Allievex and its partners, though, have not disclosed how much funding they’re getting. The FDA guidance is a July 2018 document detailing evidence standards for drugs aimed at enzyme-based, rare, slow-progressing diseases.
Tralesinidase alfa is a form of enzyme replacement therapy, a type of treatment used primarily in other lysosomal diseases — diseases that arise from disabling mutations in the enzyme-containing sacs found inside cells. In Sanfilippo, the cells can’t degrade a sugar called heparan sulfate, which accumulates and eventually kills neurons and other organ cells.
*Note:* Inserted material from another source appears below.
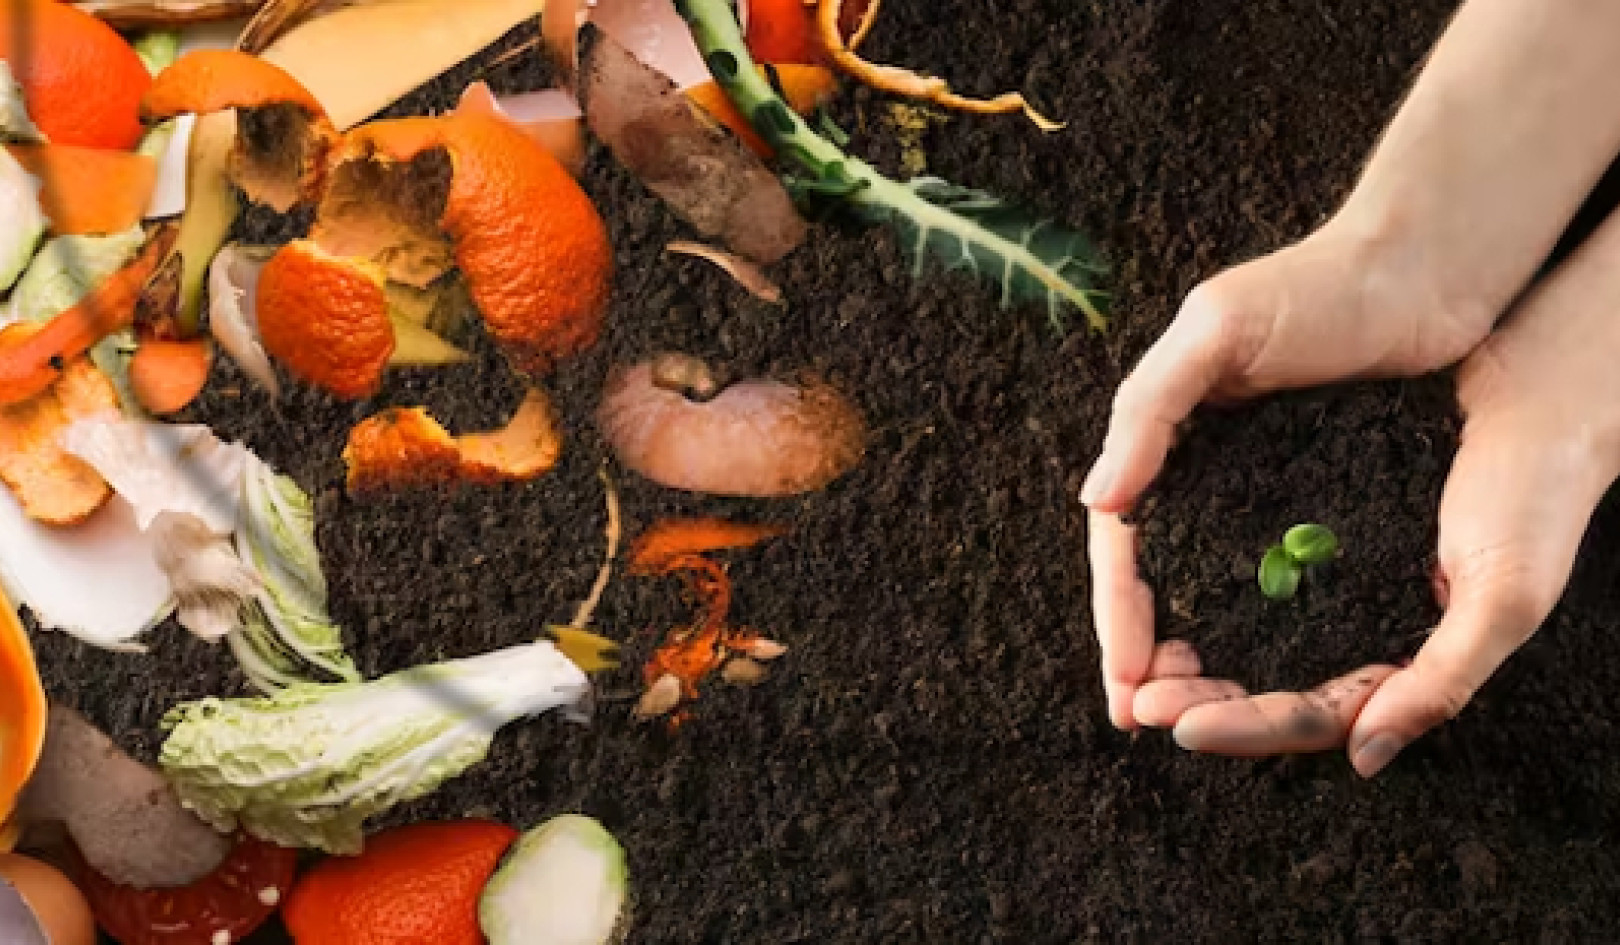 Des déchets à la richesse : pourquoi le compostage des déchets alimentaires vaut mieux que l'enfouissement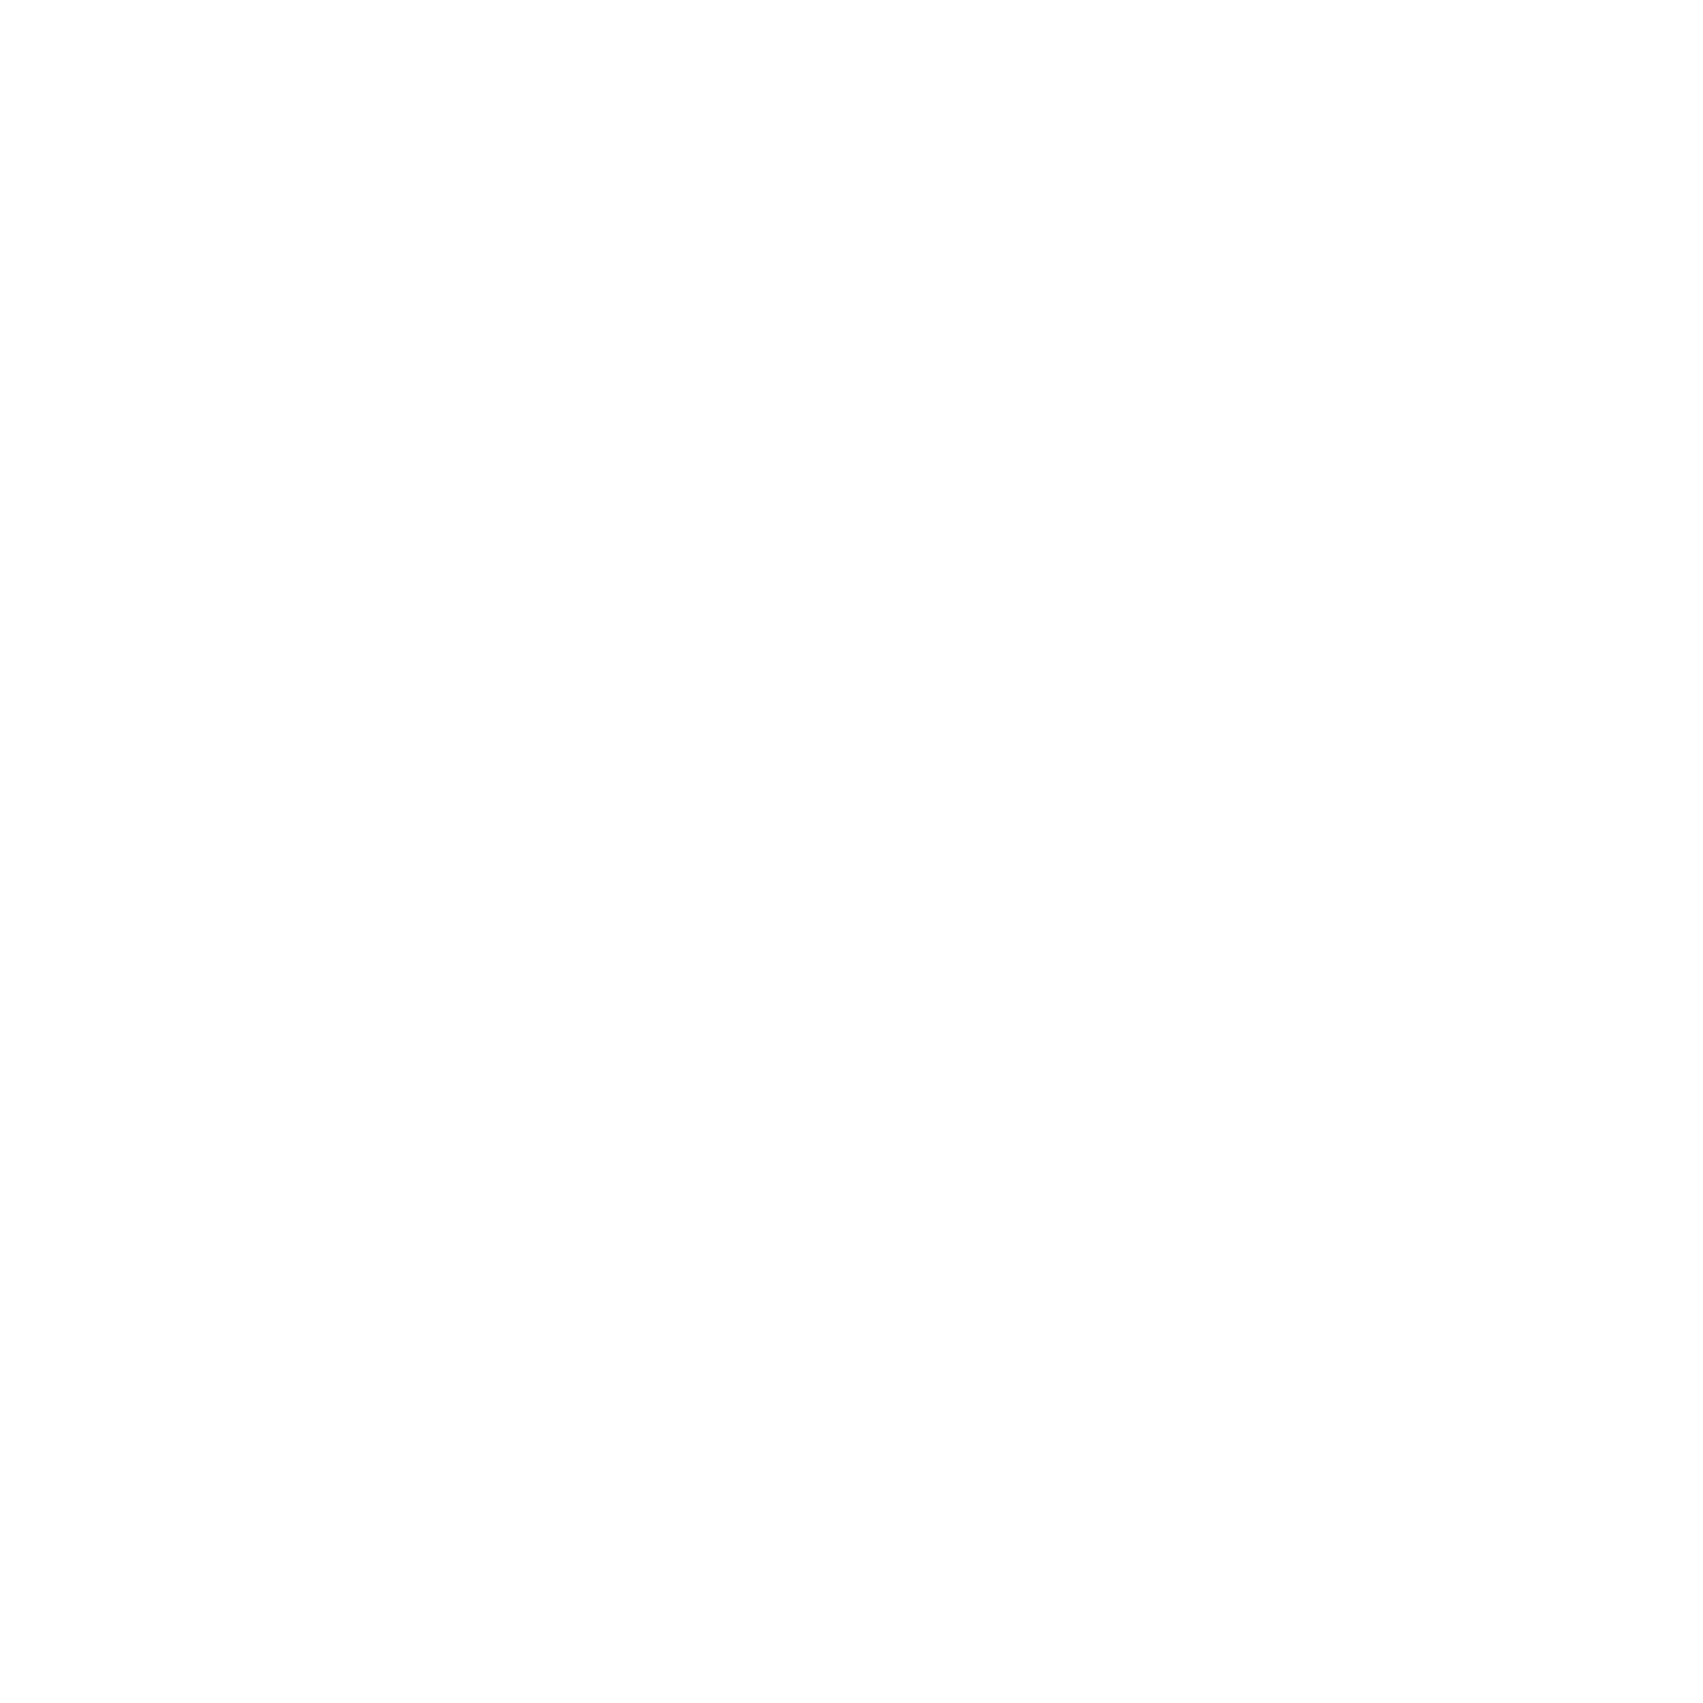 LED House logo

The slow buildup gives the disease a particularly agonizing arc: healthy development into around age two, when cognitive skills and sensory function can begin to decline rapidly. Most die in their teens. The second most common form of the disease, Sanfilippo B, affects about 1 in every 200,000 people.
In the therapy, scientists create a recombinant form of the missing enzyme — alpha-N-acetylglucosaminidase or NAGLU — and inject it directly into brain ventricles through a specialized catheter, ideally degrading the heparan sulfate and stemming the degradation of cells. The enzymes have to be injected into the brain because otherwise, they will not cross the blood-brain barrier.
BioMarin has completed an observational study and recently began a Phase II study.
Allievex won’t be the first company to try enzyme therapy on Sanfilippo B. Alexion spent $8.4 billion to acquire Synageva in 2015, primarily to acquire Kanuma but in part for SBC-103, a recombinant form of NAGLU. They saw some early positive results but shelved the drug in 2017.
A 2015 review of the disease in Dove Medical Press, noted that in animals — the BioMarin Phase I/II clinical trials had yet to begin — enzyme injection into the brain “has been successful in alleviating a number of symptoms but has also emphasized the importance of early detection on account of the irreversibility of certain (particularly neurodegenerative) aspects of the pathophysiology.”
Abeona is also working on a form of gene therapy for Sanfilippo A, now in Phase I/II, but that has limited implications for other forms of the disease. Although Sanfilippo A, B, C, and D manifest in similar ways, they differ in their genetic foundations.